Pubblichiamo la rubrica di Marina Corradi contenuta nel numero di Tempi in edicola (vai alla pagina degli abbonamenti)
Milano, febbraio. «E mi raccomando, signora, appena può faccia dello sport». Era inevitabile, convalescente e quasi immobile come sono da oltre un mese, che il dottore me lo dicesse. È da tutta la vita, d’altronde, che mi dicono che devo fare sport.
Da ragazza, io ci ho volonterosamente provato. A cominciare dalla pallacanestro. Solo che ero, a dodici anni, esile e ancora piccola di statura, e le mie compagne tutte più alte e forti di me. Quando mi ritrovavo con la palla fra le mani, in un istante arrivavano due avversarie grandi e grosse, e giù botte finché non mollavo la preda. Di modo che sviluppai un riflesso pavloviano: come toccavo la palla, cercavo di disfarmene. Semplice istinto di conservazione. Con la pallavolo fu un fallimento, da cui mi derivò una generica avversione a inseguire qualsiasi tipo di palla, o pallina.
Tentai lo sci, ma la neve e il gelo e il ghiaccio mi immalinconivano, e mi irrigidivo sui pendii, mentre il maestro mi insultava. Poi ci pensò il mio futuro marito, a portarmi in cima a una pista nera ghiacciata, in una memorabile domenica. Venni giù rotolando e imprecando, e arrivata alla stazione dello skilift, furiosa, gli annunciai che lo lasciavo. Dopo lo perdonai e lo sposai, però sugli sci non ho più rimesso piede.

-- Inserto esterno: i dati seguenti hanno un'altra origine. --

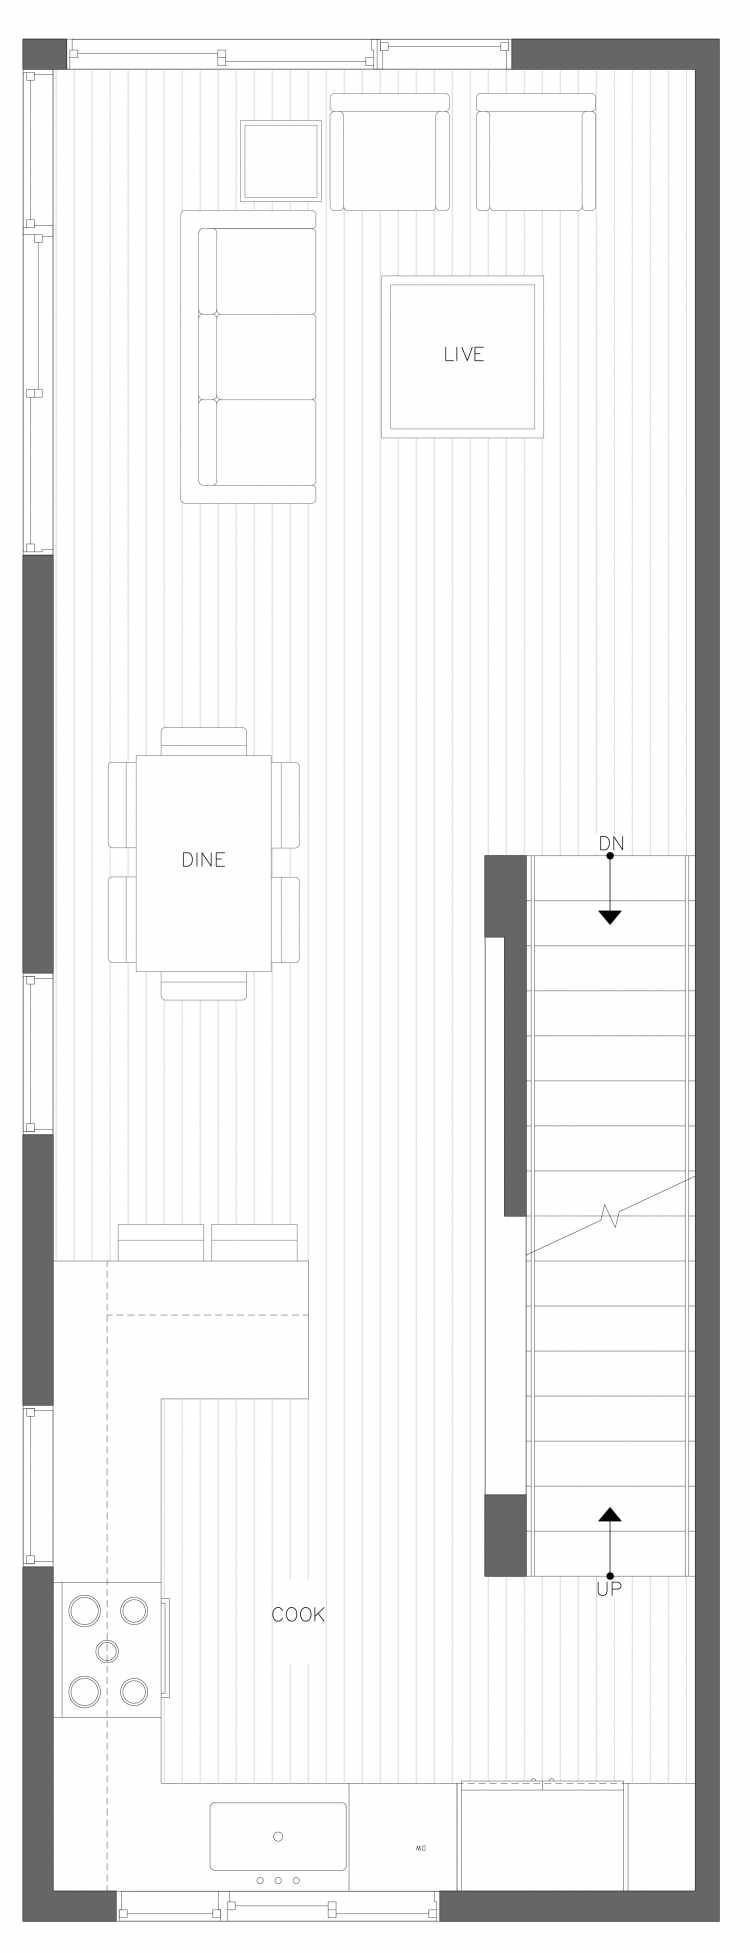 Second Floor Plan of 3410A 15th Ave W, One of the Arlo Townhomes in North Queen Anne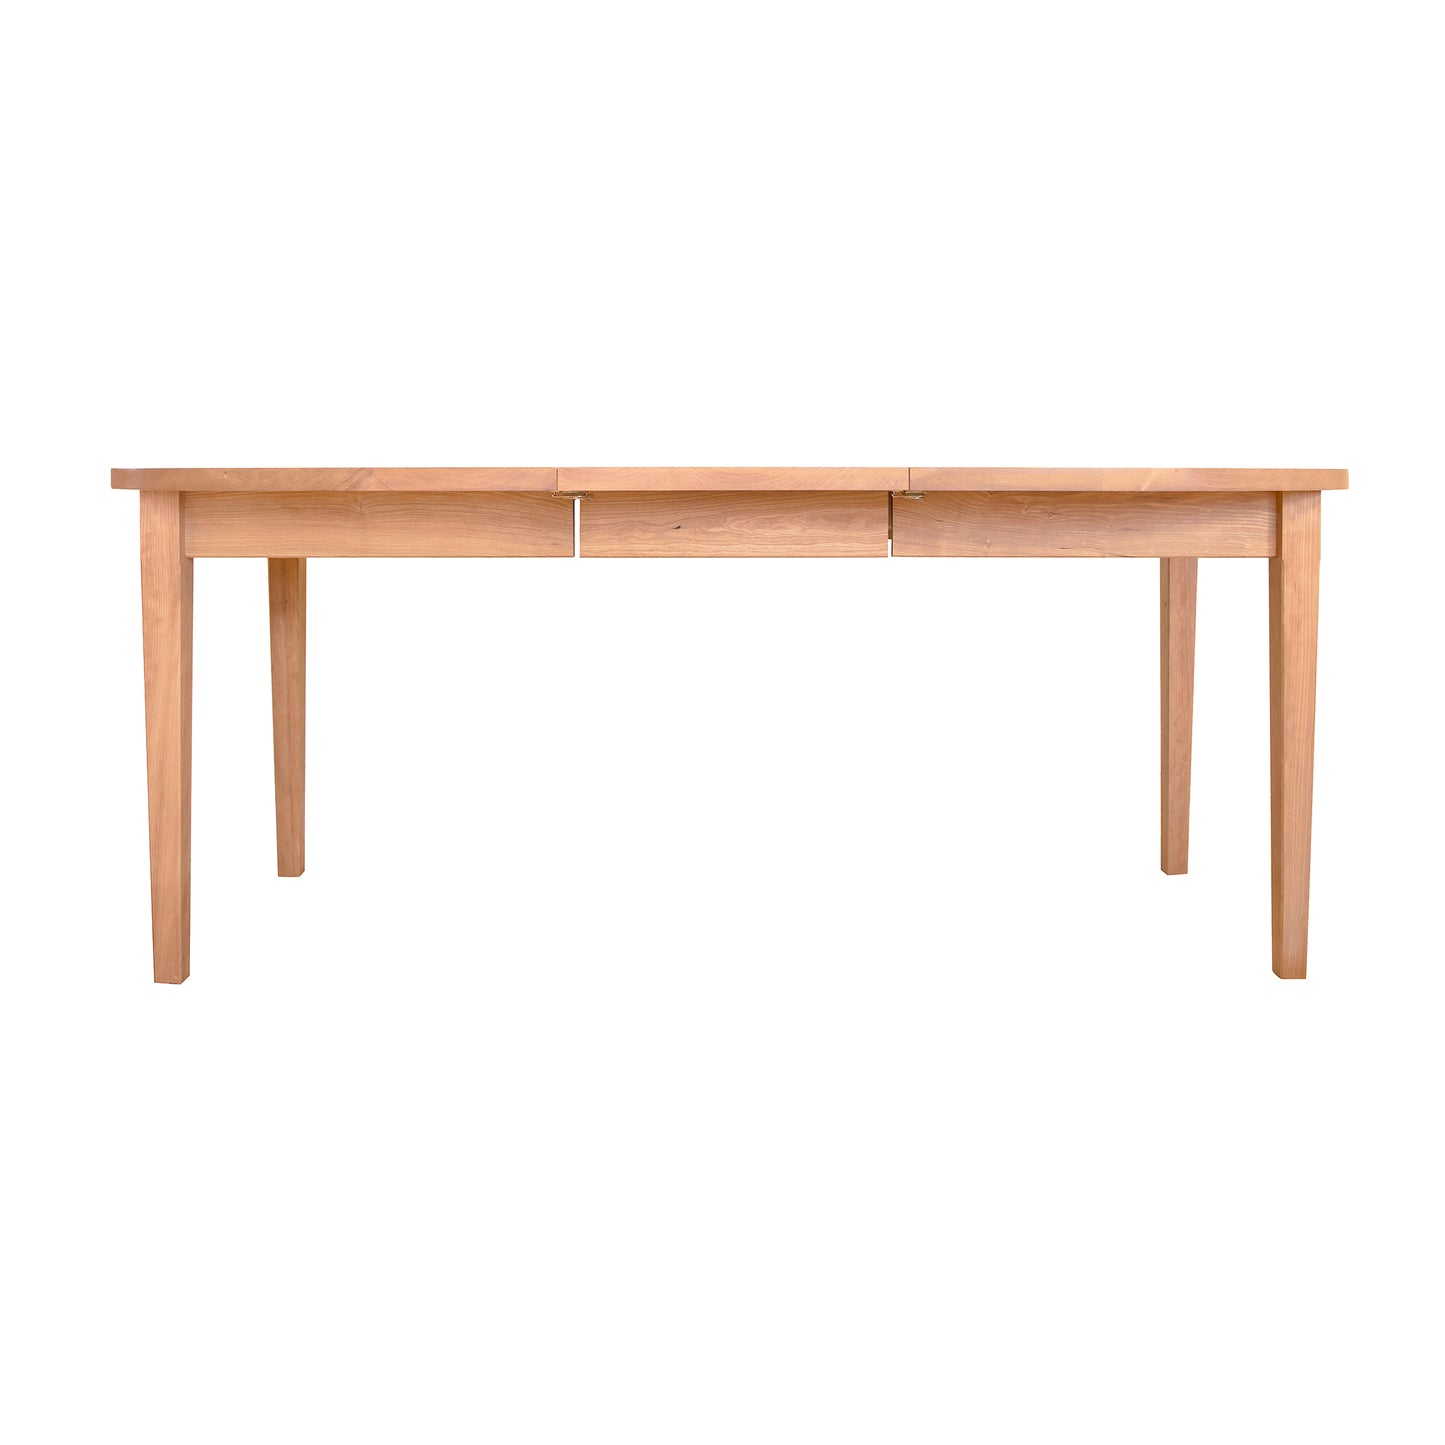 A Vermont Shaker Oval Extension Dining Table by Maple Corner Woodworks, with a rectangular top and four legs, displayed against a plain white background. The table features a minimalist design with a natural wood finish, crafted from sustainably harvested wood.

La vela, anche, che mi pareva uno sport così poetico, mi attrasse, fino a quando in una virata il boma con la forza di una mazza da baseball non mi sfiorò la testa, rischiando di ammazzarmi, e capii che anche per la vela non ero portata.
Tentai con l’equitazione: i cavalli mi piacevano. Purtroppo, io non piacevo a loro. Come montavo in sella il cavallo dava segni di avversione alla mia presenza, sussultava, scuoteva la groppa; poi, seccato, decideva di ignorare del tutto i miei comandi. I cavalli degli altri allievi trottavano, il mio brucava l’erba, oppure partiva al galoppo cercando di disarcionarmi. Smisi, dunque, per incompatibilità di carattere con i cavalli.
Che cosa resta? Nuotare mi piace, ma solo nel mare e per i fatti miei, e camminare, anche, meglio in montagna, purché non mi si stressi con misuratori di passi o altri marchingegni. Vedo per Milano un proliferare di fitness club, in cui la gente ansima sulle cyclette e i tapis roulant. So che sono felici, anche se a me paiono dei forzati.
Insomma, lo sport è, certamente, una cosa meravigliosa, ma io no, dottore, io non sono proprio portata. Inoltre penso che i miei nonni, senza sport ma andando a piedi e mangiando meno, vivevano benissimo. Passo per strada davanti alle vetrine delle palestre con i clienti paonazzi e il respiro affannoso, e sorrido lieta. Se diventerò vecchia, penso, alla mia morte voglio un epitaffio sulla mia tomba: «È arrivata a ottant’anni, e non ha mai fatto alcuno sport».